→ EXERCISE DETAILS
Although the data below holds other lines too, output only those from the line with "どれでも飢饉かんたんバボール Skinovage PX" up to and including the line with "Dida mock sweater Samsoe Samsoe-1", exactly as they appear.

→ RECORDS PROVIDED
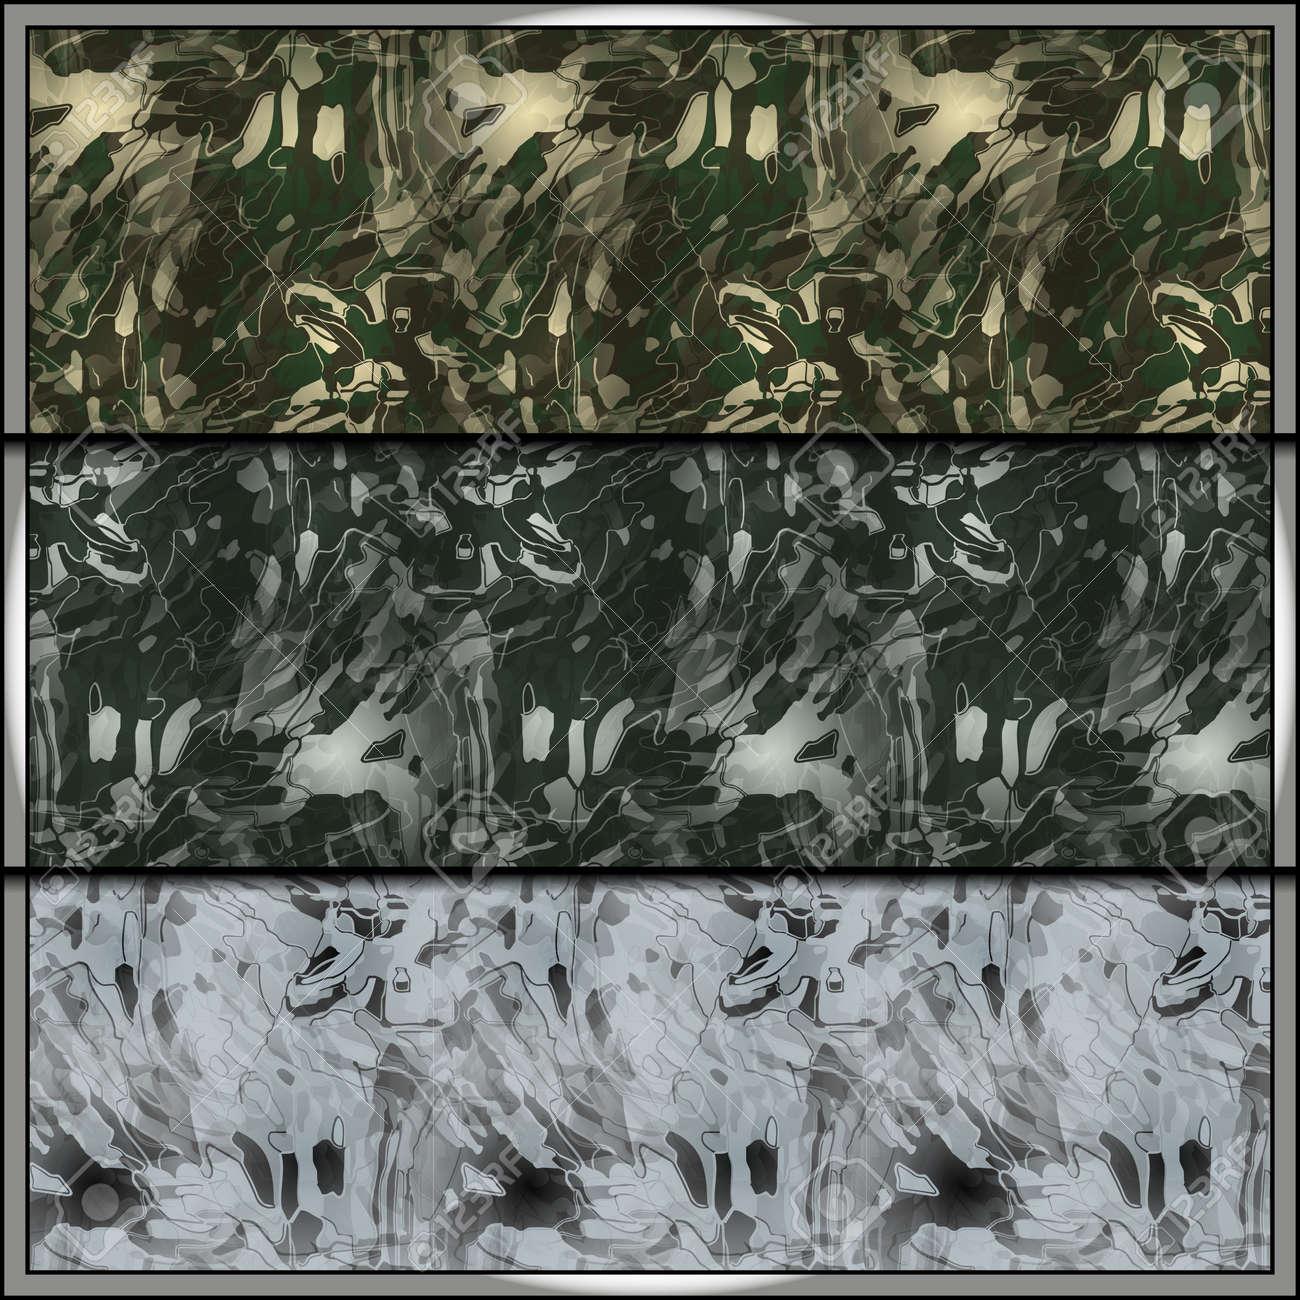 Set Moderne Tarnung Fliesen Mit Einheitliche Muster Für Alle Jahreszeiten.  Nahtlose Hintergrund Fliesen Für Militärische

---

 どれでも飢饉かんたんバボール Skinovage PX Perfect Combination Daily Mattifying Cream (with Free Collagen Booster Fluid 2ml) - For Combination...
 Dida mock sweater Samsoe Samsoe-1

→ WRITTEN SOLUTION
 どれでも飢饉かんたんバボール Skinovage PX Perfect Combination Daily Mattifying Cream (with Free Collagen Booster Fluid 2ml) - For Combination...
 Dida mock sweater Samsoe Samsoe-1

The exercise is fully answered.